First drafts tend to require a bit of work, but one thing specifically stood out to the director of the division of trading and markets at the SEC. The notice and economic analysis, which looked at the plan describing how to build a comprehensive audit trail submitted to the SEC by a group of 19 self-regulatory organizations (SROs) comprising national exchanges and the Financial Industry Regulatory Authority (Finra), had a distinct number of pages. 

“Let me apologize for the length of the CAT, but the first draft I saw the actual length in terms of pages was 666,” said Luparello, while speaking at the Securities Industry and Financial Markets Association (Sifma) Ops conference held in Miami Beach, Fla., in May. “That just seemed like a really bad omen, so we added something to the economic analysis so it wasn’t 666 pages.”

The paper eventually landed at 763 pages, which, when added to the original NMS plan puts the entire document at a mind-numbing 1,090 pages, although you can’t blame Luparello’s apprehension. It might seem silly to worry about something as trivial as page numbers for a project the SEC estimates will cost the industry $2.4 billion initially and $1.7 billion annually, but the journey to getting the CAT up and running has hardly been easy.  

The platform, which will track orders, executions and quote lifecycles for all equities and options on a daily basis and store the data in a central repository, has been marred by red tape since the SEC first approved the concept of the CAT back in July 2012. 

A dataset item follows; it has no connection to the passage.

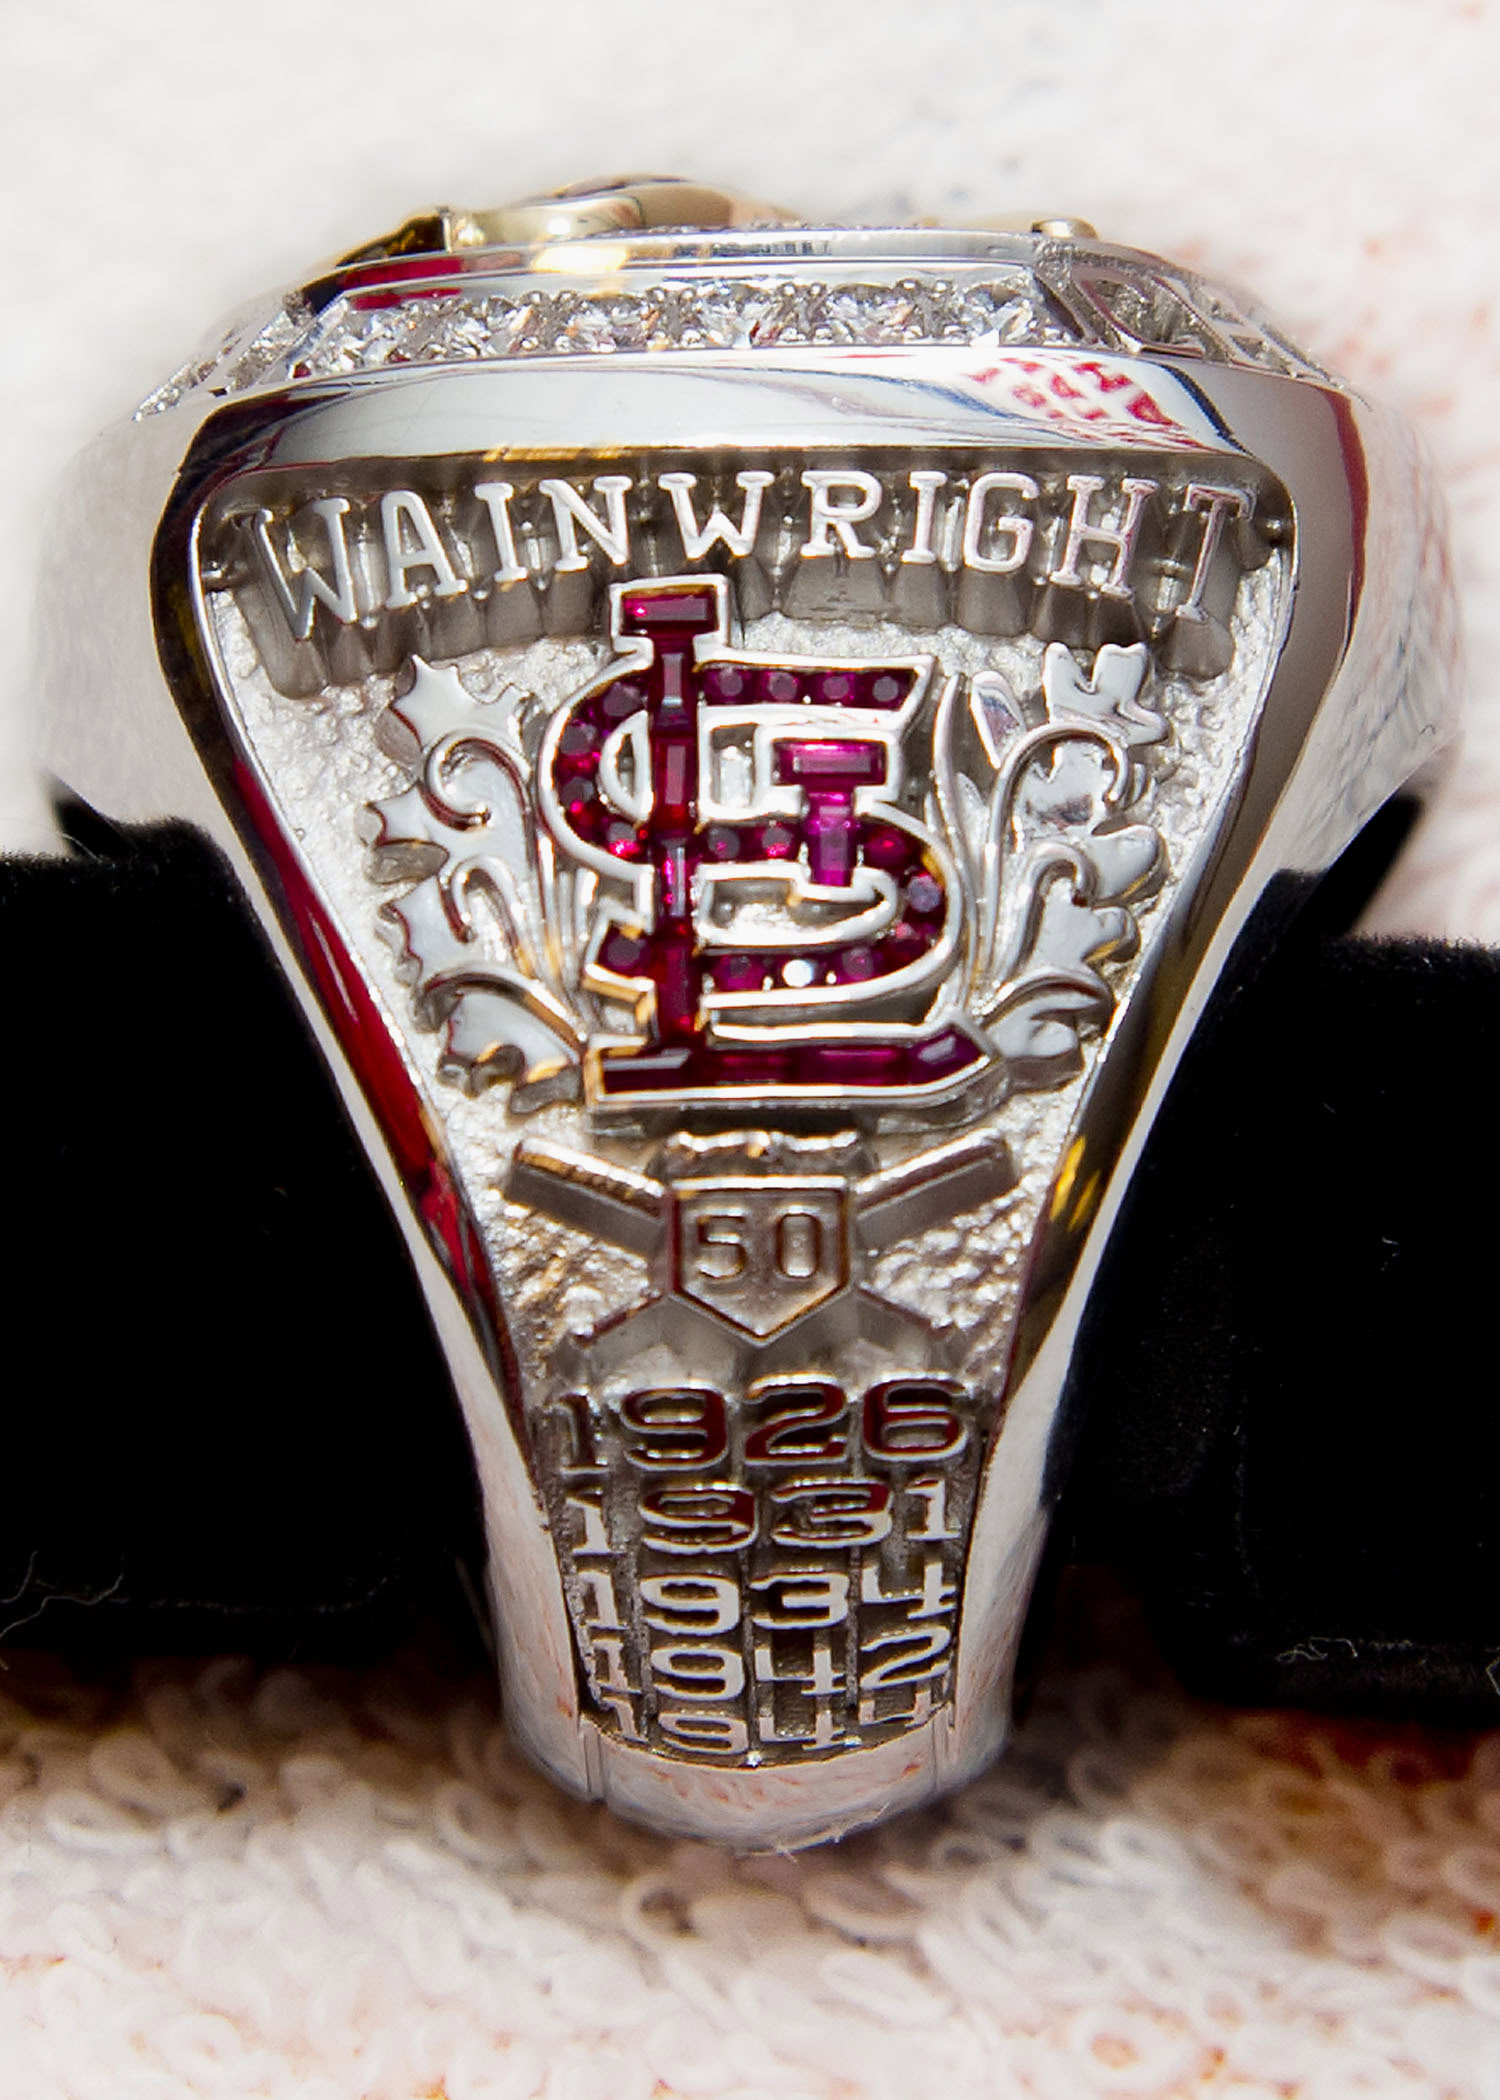 Sold at Auction: 2011 St. Louis Cardinals - MLB Inspired Championship Ring

“You need to move the computation to where the data is. If you force everybody to download all the data they need to do their analysis and then use their own analytical tools, you’re creating 12 copies of the CAT, and you’re creating 12-times as big a security problem.” Mike Beller, Tradeworx

However, on April 27 a major milestone was reached, as the SEC voted to publish the plan for public comment, along with releasing its notice, which included an economic analysis. By doing so, the Commission has knocked over the first in a seemingly long line of dominoes. That’s not to say it’s smooth sailing from here. There are still plenty of questions surrounding the CAT, specifically around cybersecurity, the retirement of redundant systems, and the overall achievability of the current timeline. 

Where We Go from Here

Regulators have always been fond of touting their own achievements, but, to their credit, releasing the CAT plan for public comment does set a few things in motion for the industry.

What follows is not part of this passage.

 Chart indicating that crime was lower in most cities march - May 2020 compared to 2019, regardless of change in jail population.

The SEC now has 180 days to approve the CAT NMS plan. During that time, the Commission will accept public comments on the plan for the first 60 days following its publication in the Federal Register. Once approved, the SROs have two months to select a plan processor among the remaining bidders via a two-round voting process during which each SRO has one vote. 

Reporting to the CAT begins within a year after the Commission’s approval of the plan, with the SROs being the first ones required to report data. Large broker-dealers are next, having to report within two years after the SEC’s approval of the plan. Finally, small broker-dealers must begin reporting to the CAT within three years of approval by the SEC.   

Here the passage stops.